4 recommendations to get your organisation moving beyond the AI tipping point
Do you remember that day a few years back when your boss, maybe even the boss of your boss entered your office asking why you had not already developed a mobile app for the millions of smartphone early adopters? Probably the same person who believed it was pointless, with limited business impact a few months ago. Well that's the tipping point for technology: the moment in time when your energy moves from convincing everyone that it's worth doing it, to trying to catch up with the demand. We are getting there for AI, and if you don't want to rely only on sheer luck it takes organization and focus. To get you up there successfully I recommend that you set yourself on the journey of doing 4 things.
1 - Industrialize the development of bots
Bots and virtual assistants are a great way of starting to use AI. They are now easier to build, as they start entering our daily lives we accept them better, and they can bring significant operational gains. The challenges are very much in designing great experience, and using AI to manage the cognitive aspects and the ability to automatically get better as people use them. We are in the same situation as mobile applications 10 years ago: exploration will end extremely rapidly, to move to the industrialization phase. That's why you need to get organized: build bot factories now. If you haven’t really started to work on bots, employee centric applications are a great way to ignite (e.g. IT desks & internal service desks).
2 - Have AI preprocess large volumes of data
AI is getting to be very very good at analysing image, voice or text. Google, for instance, reports that they can understand speech better than humans. The more structured the content the better the results are. Spotting a ship in a satellite image, extracting facts from technical or legal documents, or automatically classifiying millions of users’ mail requests are examples of typical use cases where accuracy is outstanding. Algorithms are now scalable, rational substitutes to the man days you allocate to low level data processing. Look for semi-structured images or formal texts to leverage as a very good starting point to ignite this opportunity. If you can choose, don't start with the analysis of potato images or comments from blogs.
3 - Explore the potential of human - machine collaboration
AI opens up opportunity to rethink and redesign systems that solve inefficiencies. Sometimes humans are responsible for these inefficiencies, but the answer is not to remove humans from the equation, but to focus on what they are good at: expert rules’ definition, creative processes, result interpretation, global systems supervision... The answer, and a fundamental benefit from AI, lies in the capacity to design and deploy cognitive systems, in which humans and algorithms successfully collaborate, and that improve over time. If you are looking at igniting this collaboration, look at cognitive searches within knowledge databases or supervised semantic market watch as good first application domains.
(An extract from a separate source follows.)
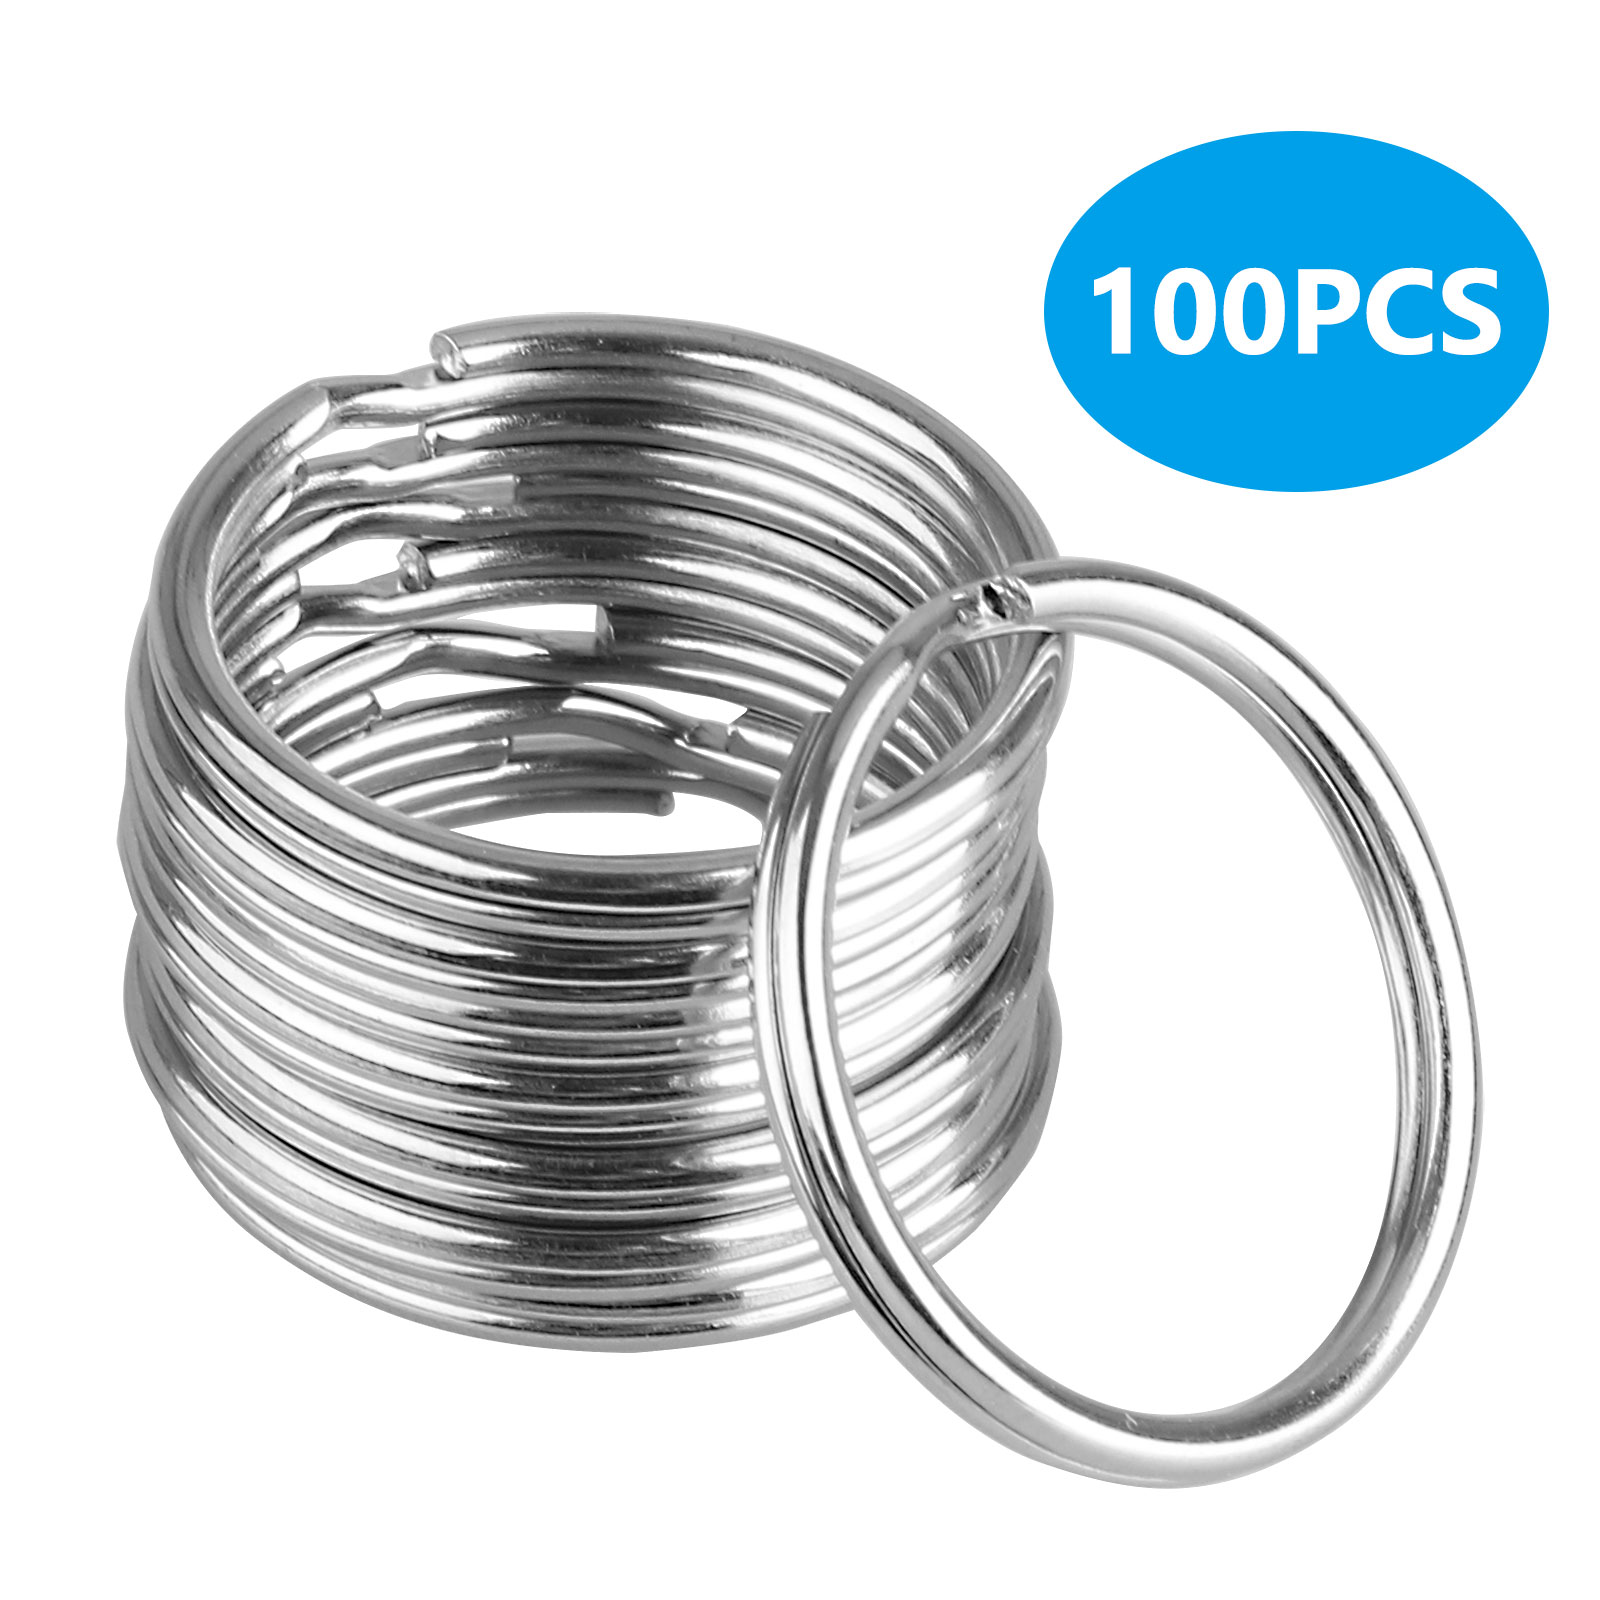 100Pcs Key Rings Chains Split Ring Hoop Metal Loop Steel Accessories 25mm LoT

4 - Build trust and confidence in algorithms
No driver feels safe the first time he lets its hands off the wheel to let a car drive by itself. It takes time, it takes confidence, but we won't get the full benefits of driverless cars if we don't work in making this happen. In the same way companies have to create the conditions to hand over the daily run of some of their key business processes to algorithms. Software automation and process robotics is inevitable, but unless you are a total AI believer, start by focusing on well controlled actions, with high volume, where humans do mechanical and repetitive tasks (e.g. simple back office processes heavy in copy-paste across applications)
As these 4 opportunities show, it makes sense for enterprises to start embracing the potential of AI where it answers well-known pain points. But that cannot be the target. To get the full potential of AI, it will take much more time, effort and commitment. Enterprises need to work out an ambitious plan, to do more than small changes in the way they work. They need a global AI transformation plan, in which people are as important as technologies. Do you also have the feeling that companies need an AI plan?